By Richard L. Hasen
William H. Hannon Distinguished Professor of Law
Loyola Law School
Both Rick Pildes and Brad Smith disagree with my call for the Court to act modestly. Rick calls my formulation “simplistic-and loaded,” essentially a pejorative label applied to election law policy I don’t like. Brad writes that “one person’s ‘careful balancing’. is another’s ‘mighty platonic guardian’ activism.” I respectfully disagree.
Let’s understand what is potentially at stake in these cases (or, as I have explained, at stake in the Supreme Court’s grappling with these issues over the next decade). If Brad Smith had his druthers, the Supreme Court would bar Congress, every state, and every local government from enacting any limits on the amount of money that any individual, corporation, or union could contribute to any candidate or committee. He’s not even sure that requiring disclosure would be consistent with a First Amendment right to “anonymous speech.”
If Rick Pildes had his druthers, the courts would have the power to examine every redistricting of congressional districts done in every state every ten years to make sure that the plan is sufficiently “competitive.” It is not clear how competitive districts would have to be-a problem that gives too much power on politically loaded questions to judges, as Dan Lowenstein notes. But even setting that problem aside, it appears that Rick would require states to place competitiveness above other valid interests, such as keeping communities of interest together.
Competitive districts create their own problems. There’s no question that one could create more competitive districts (in California , think liberal Santa Monica in the same district with conservative parts of Orange County ), but that would change the nature of representation. We would have more centrist representatives. That may or may not be desirable; but the Constitution certainly doesn’t mandate one form of representation. And what of majority-minority districts required by the Voting Rights Act? Also, if we had more competitive districts, we could see wild swings in congressional representation as Democrats or Republicans gain a small and temporary bump in public approval. Finally, looking at the Congress and the political system more broadly rather than at individual districts, it is hard to argue that our politics are insufficiently competitive.
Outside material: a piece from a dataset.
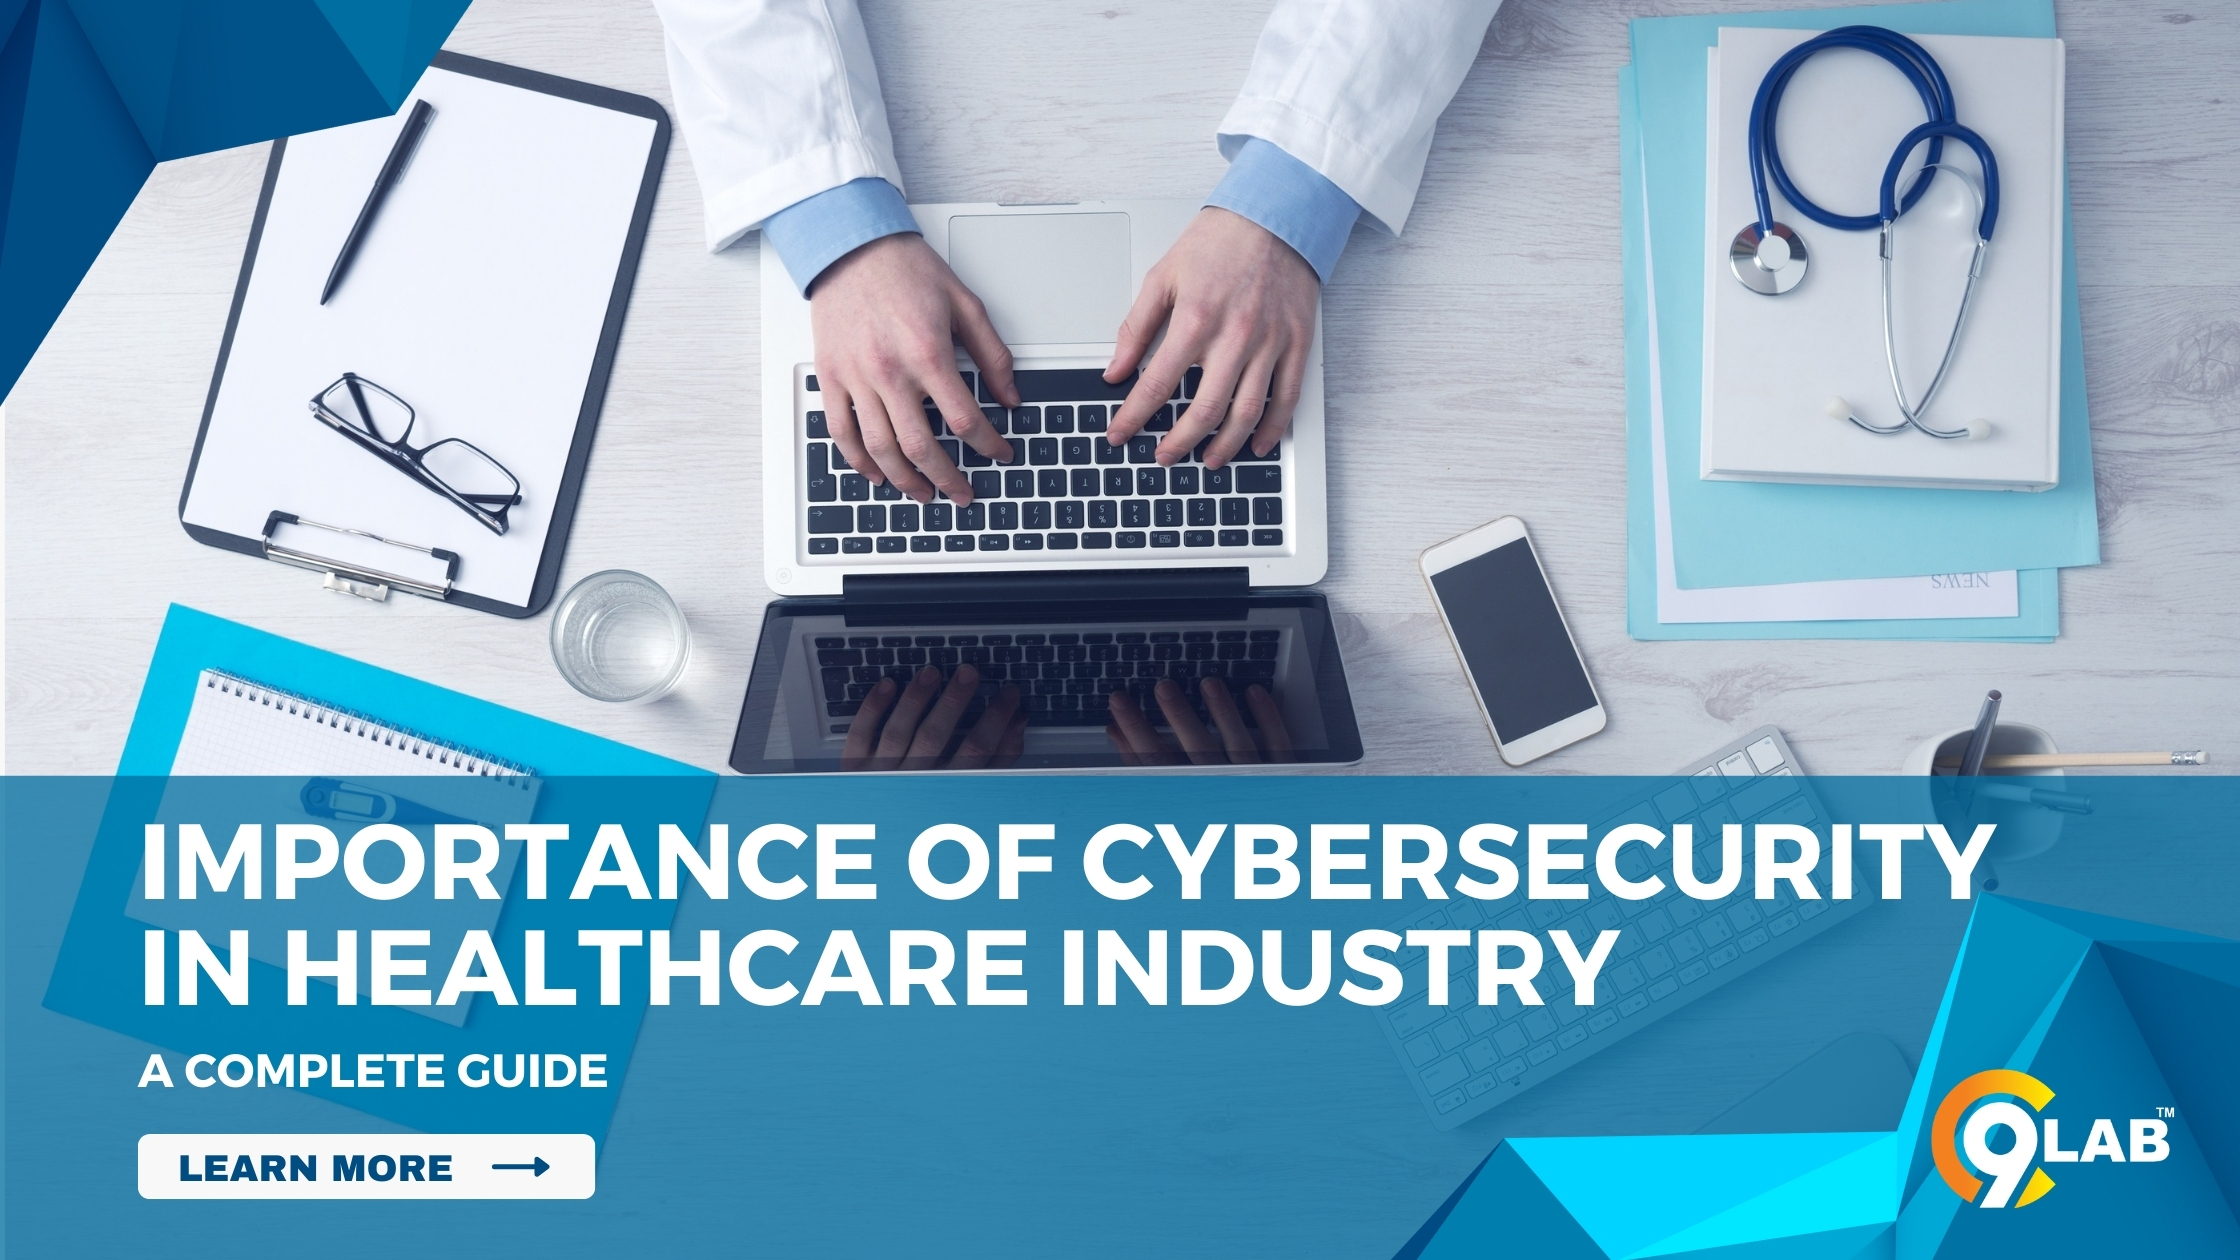 The Importance of Cybersecurity in the Healthcare Industry: A Complete Guide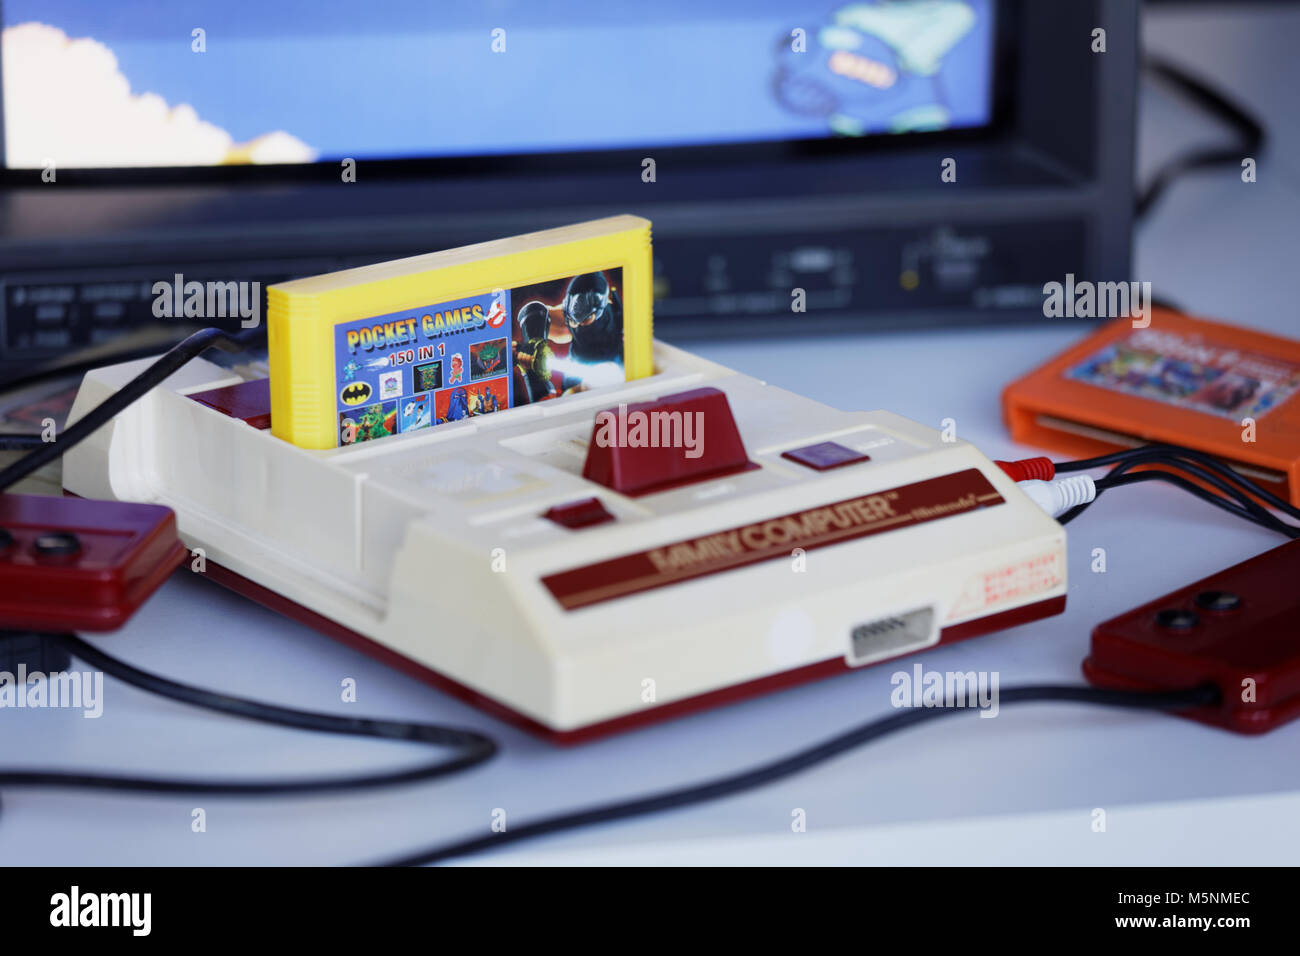 St. Petersburg, Russia - February 22, 2018: Retro video game console on the exhibition of retro computers during St. Petersburg Cyber-Sport Festival.  Stock Photo

All of this is not to say that Brad or Rick’s policy suggestions are bad ones. On redistricting, for example, I support moves toward nonpartisan redistricting commissions. But the Constitution does not mandate these policy changes. (Rick can correct me if I am wrong, but I believe his reliance on the Elections Clause is of recent vintage; in the past, Rick and his often-co-author Sam Issacharoff have argued for the court to read competition into the Constitution even while acknowledging that the Constitution does not explicitly provide a “textual hook” for doing so.)
The common problem with Brad’s and Rick’s projects is that they would have the Supreme Court impose “one size fits all” solutions for the entire United States, when there is no compelling reason to do so. A court that acts modestly considers whether intervention is really necessary, or whether the political process itself can be trusted to work things out. It engages in careful balancing on a step-by-step basis, balancing individual rights against the stated and proven interests of the state.
When it comes to campaign finance, a court conducting a careful balancing could well conclude that the Vermont spending limits impose too high a free speech cost, particularly because they are not coupled with generous public financing to ensure that a variety of different voices are heard. But Brad would have the court strike down the Vermont contribution limits too, taking the Court down the deregulationist road without a showing that contribution limits have prevented robust political debate.
When it comes to redistricting, Dan Lowenstein is right that there is a political solution-the Constitution fully empowers Congress to ban mid-decade redistricting. And states can impose redistricting reform on their own. Rick might claim that self-interested legislators will never draw competitive districts on their own. But what is interesting is that in the 24 states with the initiative process, where the people can make an end-run around the legislature, we don’t see a clamoring for redistricting reform. (Voters recently rejected such reform in California and Ohio .) Until we know the political process is really stuck, it is premature for courts to impose such draconian limits on state redistricting processes.